What is lacking in the worldly man is precisely that empathy and objectivity which belongs to the dreamer, and which allows him to see through the eyes of other men; or gods, or stones, for that matter. But the worldly man interprets everything through a narrow screen, and therefore thinks that, if he can be comfortable taking up his worldly duties and pursuing his worldly aims, then, so can everyone else. Of course, he acknowledges and makes the "necessary" allowances for obvious physical handicaps, because he must, because he cannot ignore or deny them, but he never goes so far outside of his own subjectivity in order to sympathize, let alone empathize, with the condition of his fellows; in particular, the more eccentric and socially awkward or unacceptable types among them. To do so, he fears, would severely limit his effectiveness in the world. To some extent this is true; uncertainty stimulates and opens the mind, while ultimately paralyzing the will. But it is my basic assertion that this will, because it inhibits the operation of reflection -- and, ultimately, the operations of sympathy, empathy, and compassion, which flow therefrom, -- ought not to be so heavily guarded anyway.

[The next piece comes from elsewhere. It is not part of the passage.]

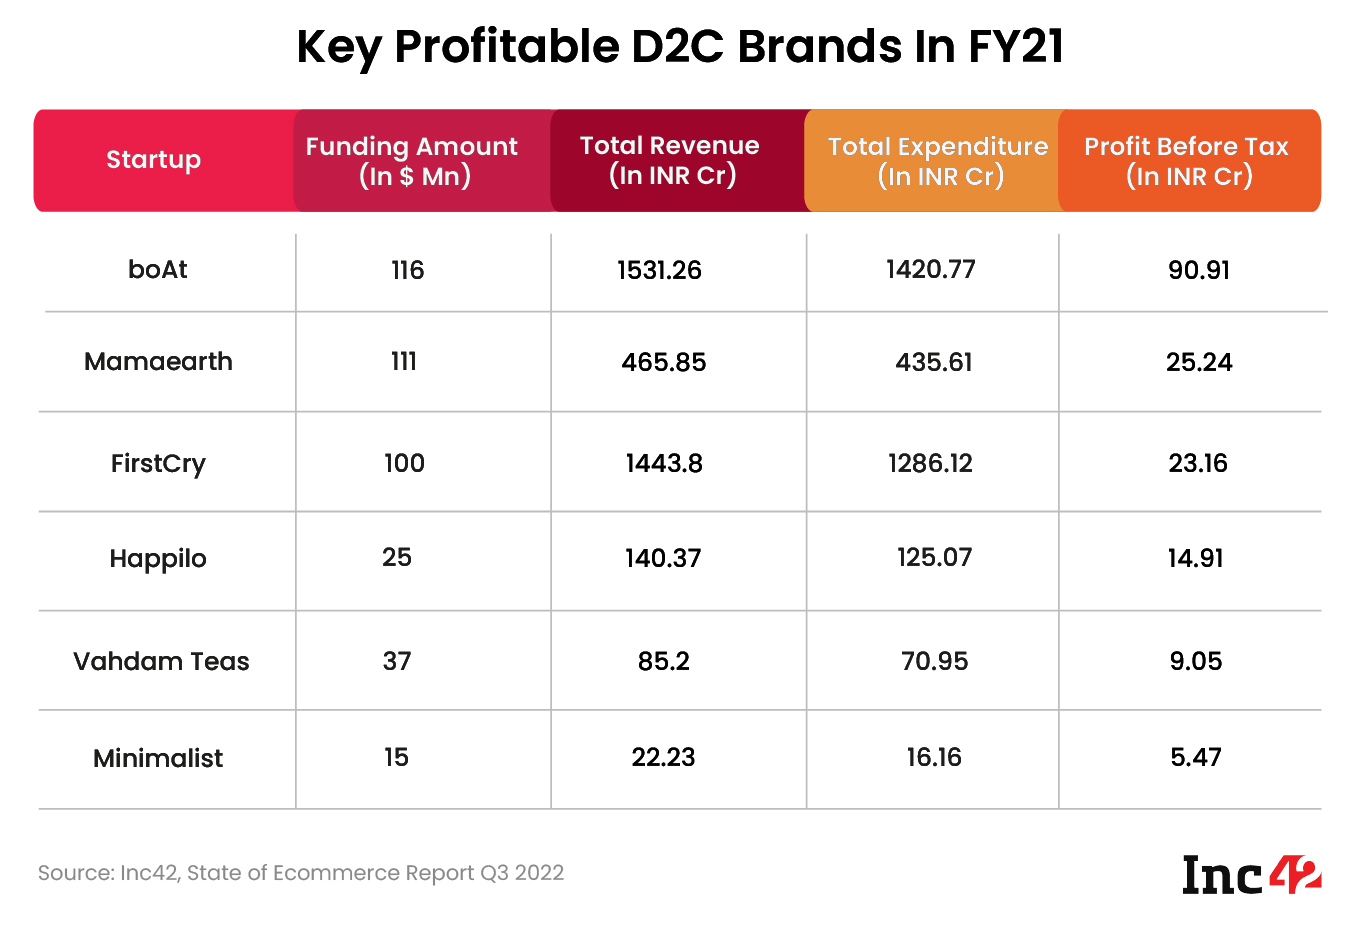 Key Profitable D2C Brands in FY21

There is a gap between these two types wider than that between any two generations which have ever cohabited on the planet. In some cases, where the two types are particularly pronounced, or "pure", -- in other words, when we have, for example, an especially obvious representative of the dreamer contrasted with an equally obvious representative of the worldly man, -- we find two people who are more dissimilar than any two generations, or any two cultures, that have ever existed on the earth, at whatever times. Depending upon the purity of the two types, the discrepancy between them can be severe well beyond our power to imagine it. Nonetheless, it is a reality, and a very formidable one for anyone born with a markedly dreamy or markedly worldly disposition, since, any attempt to impose a one-size-fits-all morality on the whole of society (and such attempts are frequent; anything imposed is "one-size-fits-all") is bound to leave one or the other, or both, of these extreme types in the cold. In our time, it is the dreamer for whom society has no ears. Jung's interpretation of Merlin, from the Grail legend, is particularly applicable here:

"In the twelfth century, when the legend arose, there were as yet no premises by which his intrinsic meaning could be understood. Hence he ended in exile, and hence 'le cri de Merlin' ['the cry of Merlin'] which still sounded from the forest after his death. This cry that no one could understand implies that he lives on in unredeemed form. His story is not yet finished, and he still walks abroad. It might be said that the secret of Merlin was carried on by alchemy, primarily in the figure of Mercurius. Then Merlin was taken up again in my psychology of the unconscious and remains uncomprehended to this day. That is because most people find it quite beyond them to live on close terms with the unconscious. Again and again I have had to learn how hard this is for people."

One hears the objection that there must not be a double standard; that the dreamer must not be held to different responsibilities, or, god forbid, to a different level of responsibility, than the man of the world (and vice-versa, though this is seldom heard). But, is it so unthinkable to these objectors that certain people are fundamentally, in accordance with their deepest natures, different, and that the standards and purposes to which we hold them ought to reflect their differences; their own individual gifts, and the unique destinies to which God has evidently entrusted them, -- rather than reflect society's, or someone else's, narrow expectations for them? And, for God's sake, do not throw "free will" at me. Even the trite objection, "they have free will", does not translate into "they should do as we will them to do".